Microbial 'omics

# anvi-export-locus [program]

This program helps you cut a 'locus' from a larger genetic context (e.g., contigs, genomes). By default, anvi'o will locate a user-defined anchor gene, extend its selection upstream and downstream based on the –num-genes argument, then extract the locus to create a new contigs database. The anchor gene must be provided as –search-term, –gene-caller-ids, or –hmm-sources. If –flank-mode is designated, you MUST provide TWO flanking genes that define the locus region (Please see –flank-mode help for more information). If everything goes as plan, anvi'o will give you individual locus contigs databases for every matching anchor gene found in the original contigs database provided. Enjoy your mini contigs databases!.

## Authors

Matthew Schechter
Evan Kiefl
Alon Shaiber

## Usage

This program lets you export selections of your contigs-db around all occurances of a user-defined anchor gene.

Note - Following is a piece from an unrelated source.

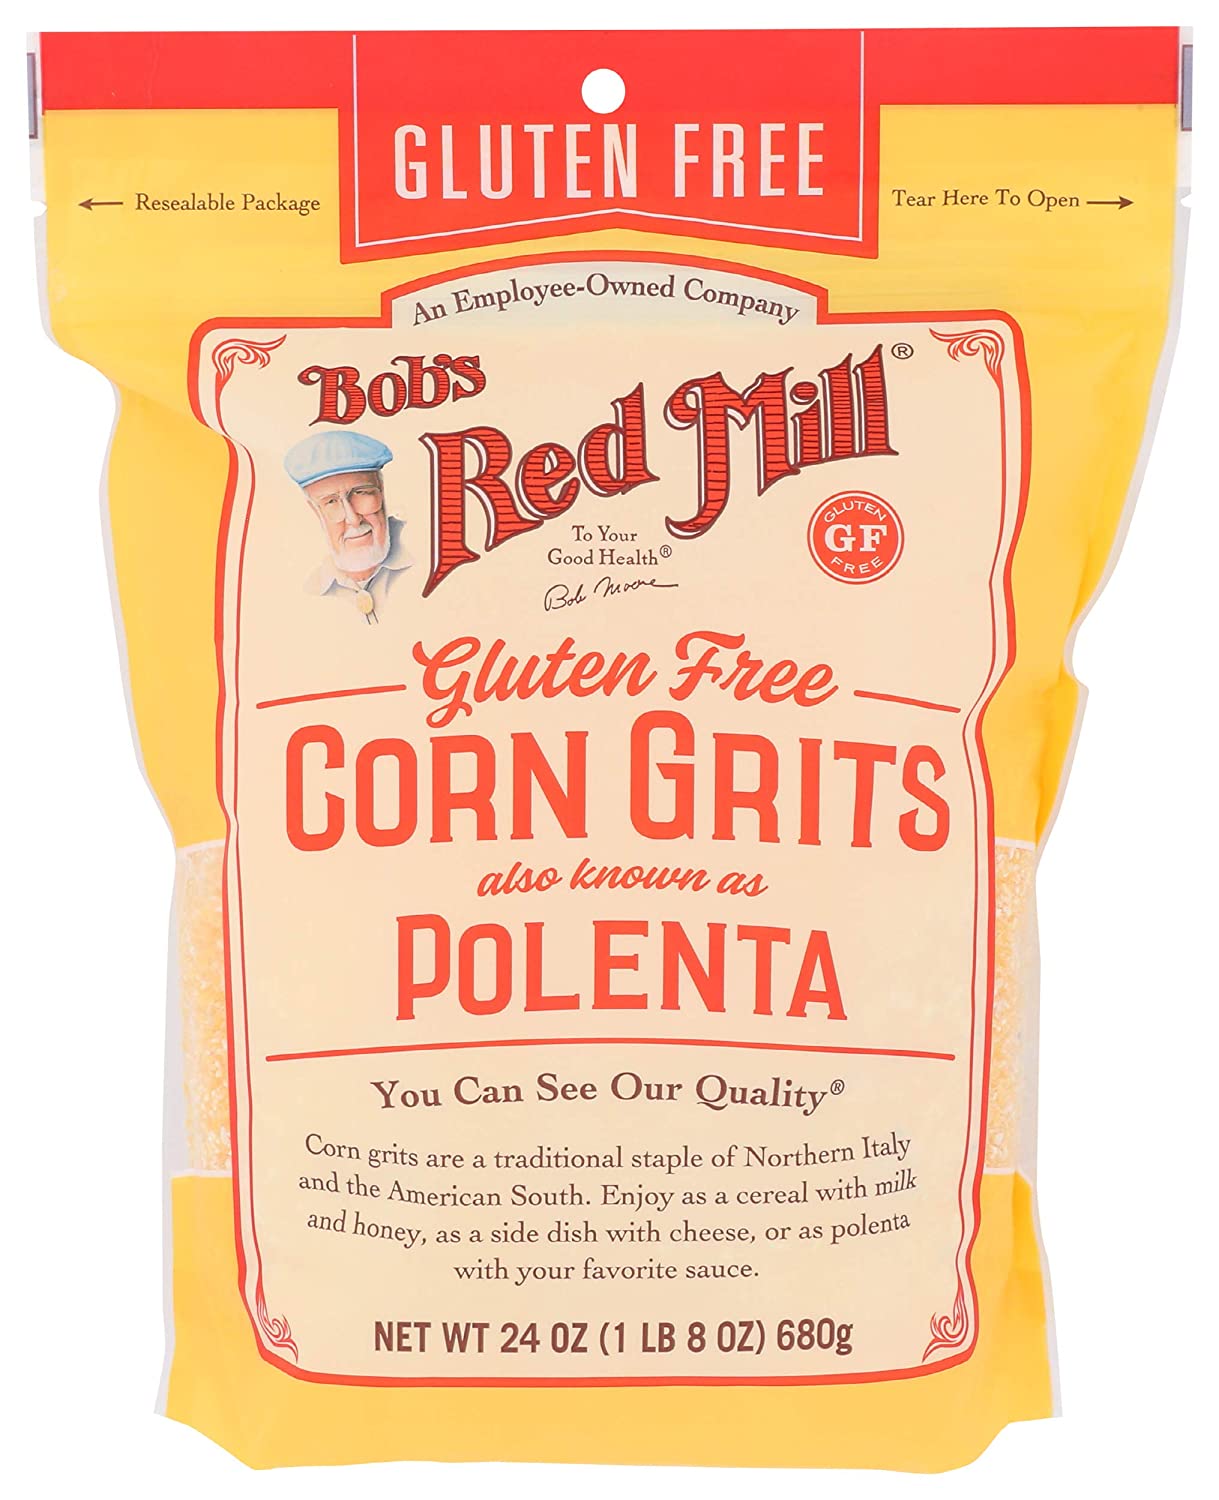 Gluten Free Corn Grits Polenta Bobs Red 24oz 4pack

The output of this is a folder that contains a separate contigs-db for the region around each hit of the anchor gene. (In fact, you’ll get a FASTA file, contigs-db, profile-db, and a copy of the runlog).

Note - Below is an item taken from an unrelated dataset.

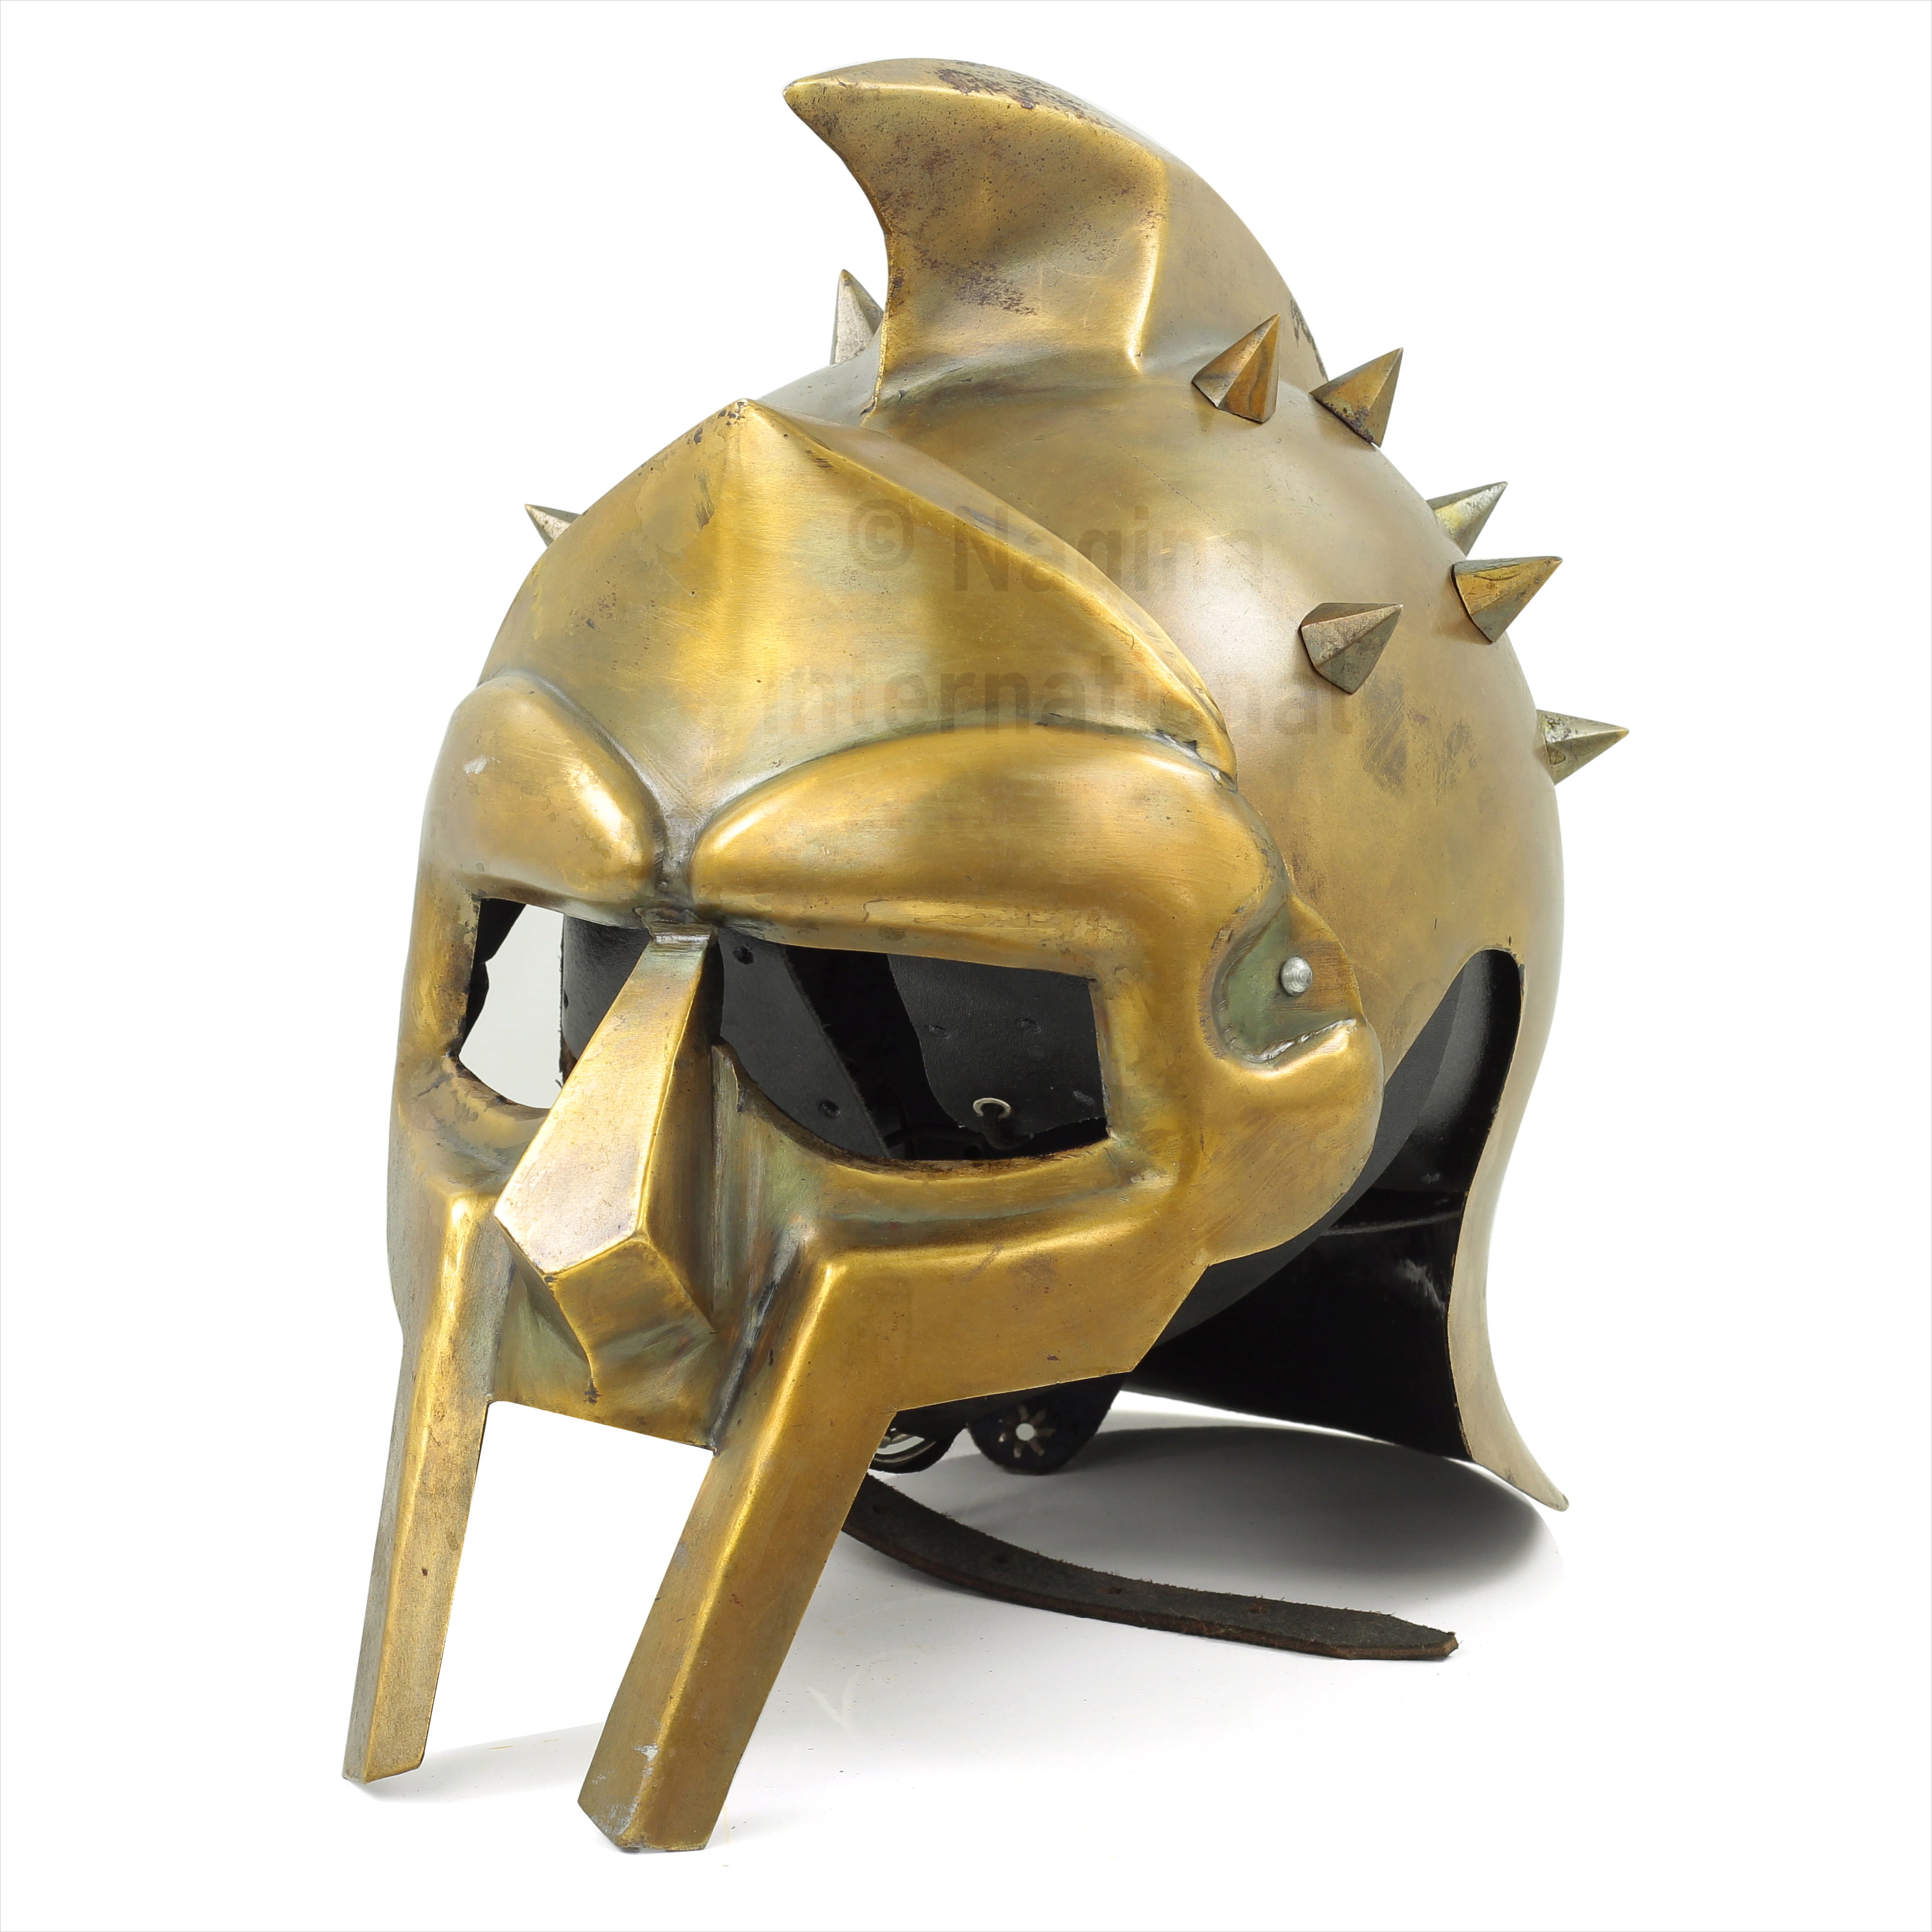 The Great Mini Gladiator Maximum Helmet with Display Stand Rennactor Helmet

For example, you could specify the recognition site for a specific enzyme and use this program to pull out all potential sites where that enzyme could bind.

### Required Parameters

You’ll need to provide a contigs-db (of course), as well as the name of the output directory and a prefix to use when naming all of the output databases.

You can define the region of interest either by defining the two flanking genes or by searching for an anchor gene and defining a number of genes around this gene that you want to look at. For example, if you set num-genes as 1, then each locus will contain the gene of interest, a gene upstream of it, and a gene downstream of it, for a total of three genes.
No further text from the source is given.